The Favourite is a film that has all the right ingredients to be an Oscar hit, feeling like what would happen if Armando Iannucci wrote Whit Stillman's Love & Friendship. It is a period drama/comedy with an excellent cast that makes the most out of Olivia Colman, Emma Stone, Rachel Weisz and Nicholas Hoult. But despite everything that it has going for it such as the well-polished script, one of the best uses of the C-Word of the year on film, and the talented director, it can’t help but feel like a weaker effort by Yorgos Lanthimos, but that only goes to show just how incredible The Killing of a Sacred Deer and The Lobster are. It is however the director's most accessible film yet and given that it will probably be his most successful film yet, this is clearly a good thing.
Colman plays Queen Anne, a frail, easily manipulated Monarch who is constantly changing her mind about her decisions and allowing her close childhood friend Lady Sarah Churchill (Weisz) to essentially govern the country in her place. This is a status quo that has existed for an age until the arrival of Emma Stone’s servant Abigail threatens to overthrow everything that Sarah worked so hard to achieve. Despite starting on the best of terms it quickly turns into a dog-eat-dog competition with both sides, Sarah and Abigail, doing everything that they can do to earn and keep earning the ear and attention of the Queen. It’s a thankless task that has both on edge, and as their schemes escalate over the course of the film it’s only a matter of time before things turn out to be deadly.
The costume and set design in The Favourite is impeccable and it’s hard not to fault Lanthimos’ direction. It’s talented and well choreographed, nothing feels claustrophobic and nothing feels clumsily edited, and it's always easy to tell who's where regardless of the location. The Favourite shines at its best when it makes the most out of the actors, with Stone and Weisz playing off against each other well, first as potential friends who understand each other, and then again as rivals, watched over by an all-seeing Colman who is well deserving of the best actress nomination that she is inevitably going to get, if not the best actress win. Stone gets more screen-time than Weisz but both actresses are effective in what they do, and it's not unfeesable to see both getting nominated for supporting actress for the same film.
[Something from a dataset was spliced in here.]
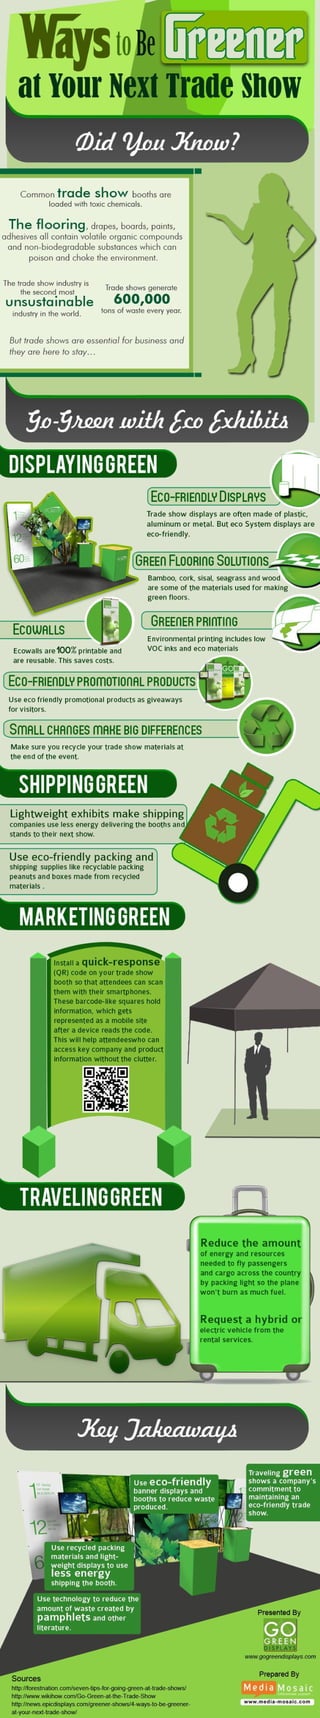 Ways to be greener at your next trade show

The script does meander at times even if the dialogue is on point and as sharp as ever (“he’s completely cuntstruck by you” is one of the best lines in the entire film in the context of its delivery, and out of the films that I’ve seen at the London Film Festival so far, the only things that came close to matching the laughter that this film earned were in the opening two chapters of The Ballad of Buster Scruggs and most of Sorry to Bother You). It's safe to say that The Favourite opts for a more outwardly comedic approach than Lanthimos’ previous work, which is a good thing. But as mentioned before, something feels lacking and it never really has the staying power, feeling at times much too like a standard conventional period dramedy rather than bringing that something extra to the table that Lanthimos normally does with his films.
Yet despite this The Favourite rarely stumbles. What most people feared would happen when Lanthimos directed off a script he didn’t write would happen didn’t happen, and on top of that, it should also be worth mentioning that you’ll be hard pushed to find another film that comes out this year with a better duck than Horatio: The Fastest Duck in the City. Like the film itself, the duck left an impression and this is going to be one of the biggest talking points in the Oscar race which is edging ever closer.